Isra Miraj terjadi pada masa paling sunyi dalam hidup Nabi. Tahun itu dikenal sebagai ‘am al-huzn, tahun kesedihan. Tahun dimana dukungan terdekat runtuh, tekanan sosial menguat, dan kelelahan batin mencapai puncaknya. Dari situ, perjalanan ke langit justru dimulai. Ada pesan yang kerap terlewatkan, yaitu transformasi besar lahir bukan dari kenyamanan, melainkan dari krisis.

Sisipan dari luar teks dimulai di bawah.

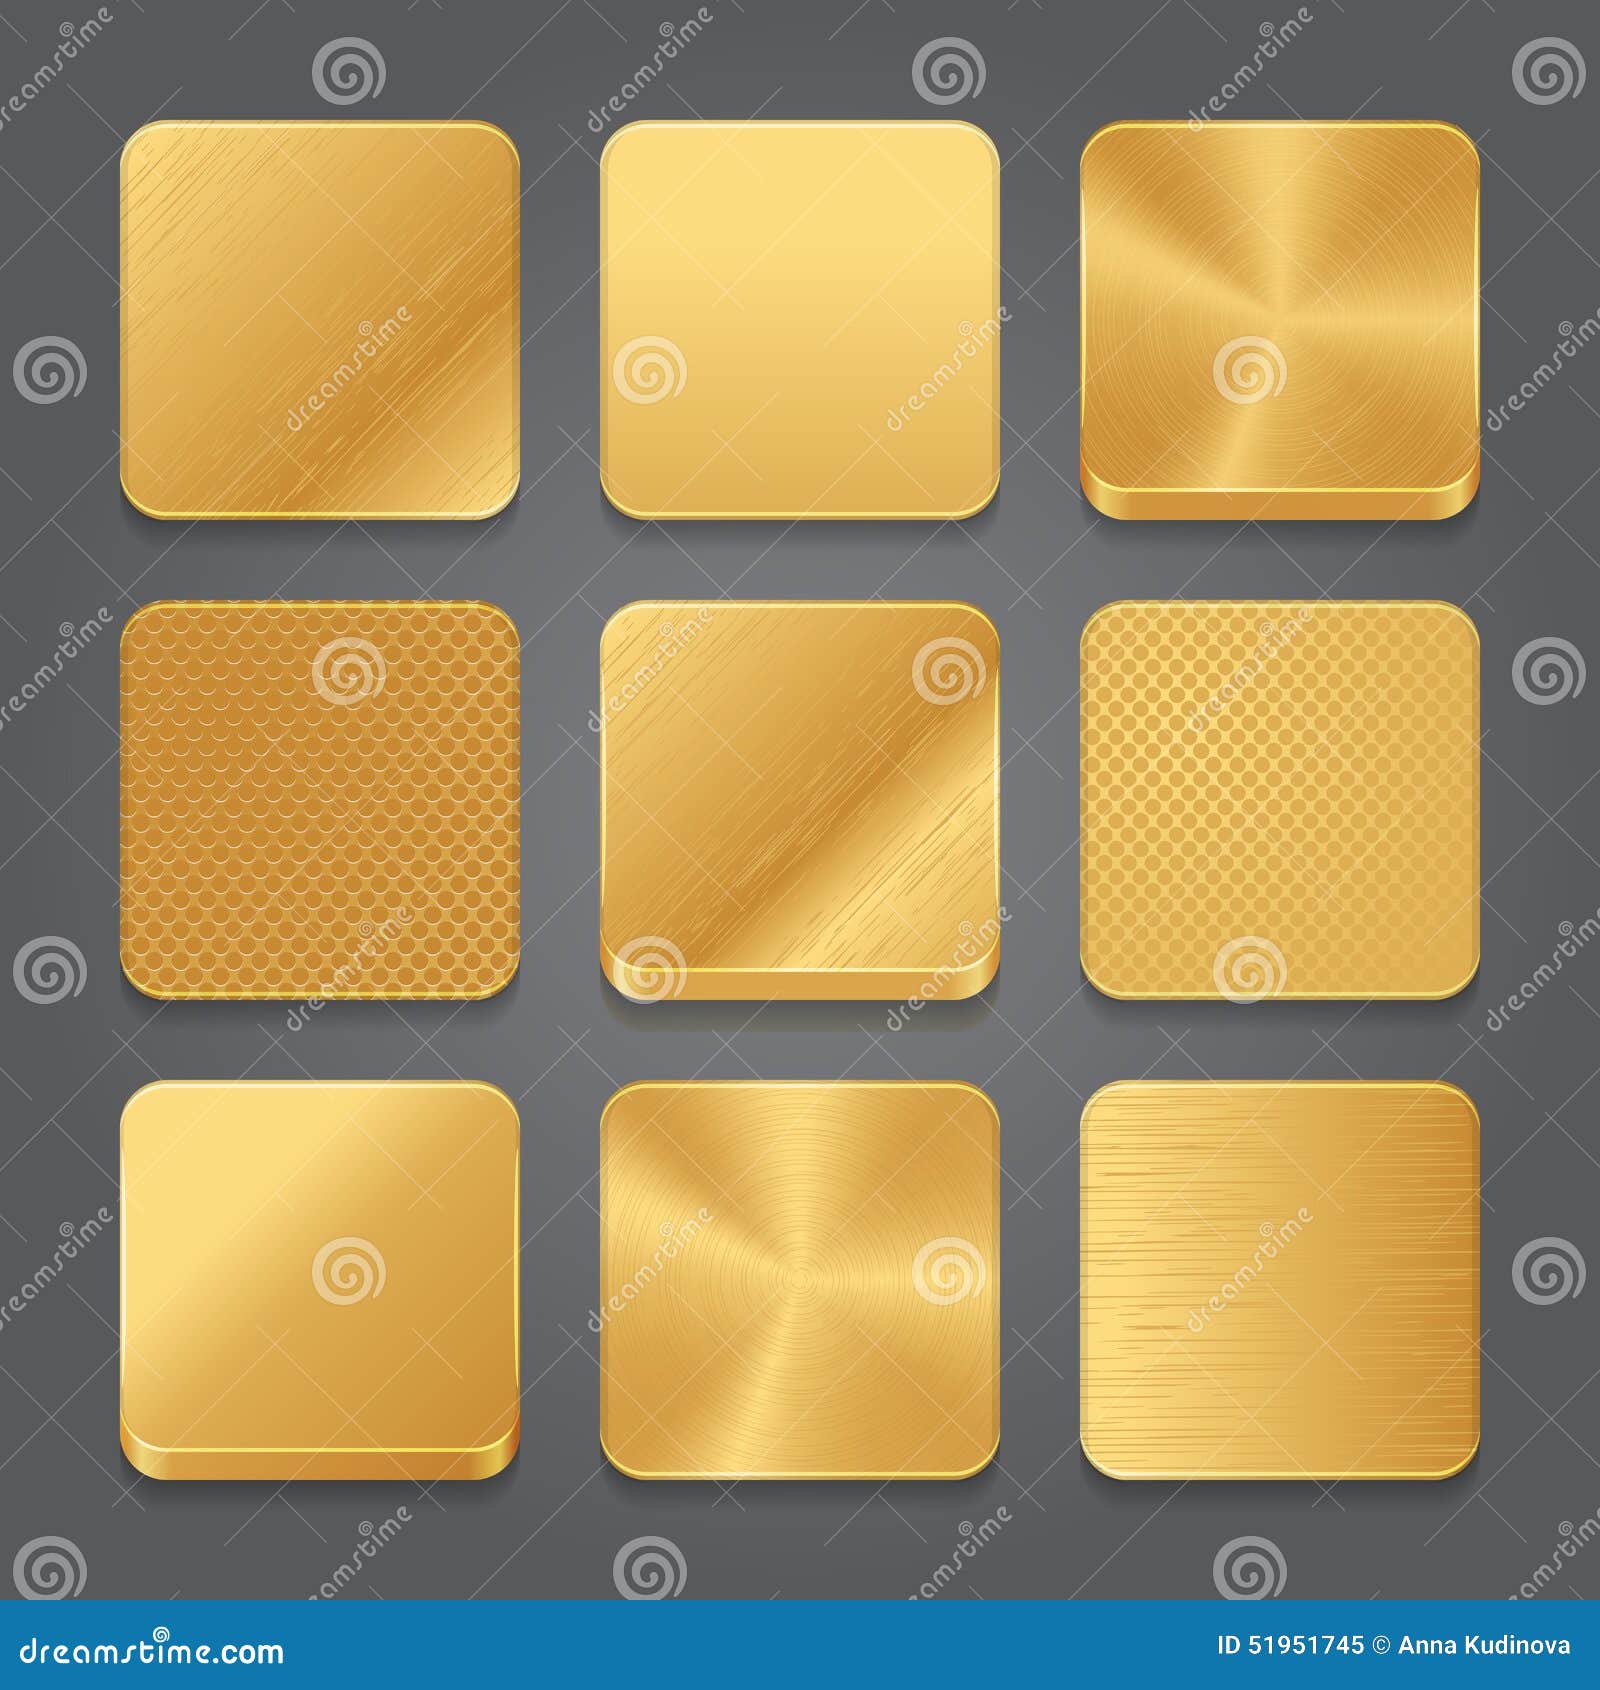 Bộ nền biểu tượng ứng dụng và Biểu tượng nút kim loại vàng chủ đề sẽ giúp trang web của bạn trở nên sang trọng và độc đáo hơn. Hãy xem qua hình ảnh để lựa chọn bộ nền biểu tượng ứng dụng phù hợp và sáng tạo cho trang web của bạn.

Pesan ini terasa kontras dengan fenomena generasi hari ini, terutama Gen Z, yang tumbuh dalam ekosistem serba cepat dan serba tersedia. Hidup di era on demand, banyak di antara mereka, meski tentu tidak semuanya dibentuk oleh hasrat akan kenyamanan instan, hasil cepat, proses singkat, dan keberhasilan tanpa luka. Sedikit tekanan dianggap kegagalan, sedikit kritik dirasa ancaman. Kesedihan mudah membuncah, baper menjadi bahasa sehari-hari, sementara ikhtiar sering tertunda oleh kebiasaan menyalahkan keadaan, sistem, atau masa lalu.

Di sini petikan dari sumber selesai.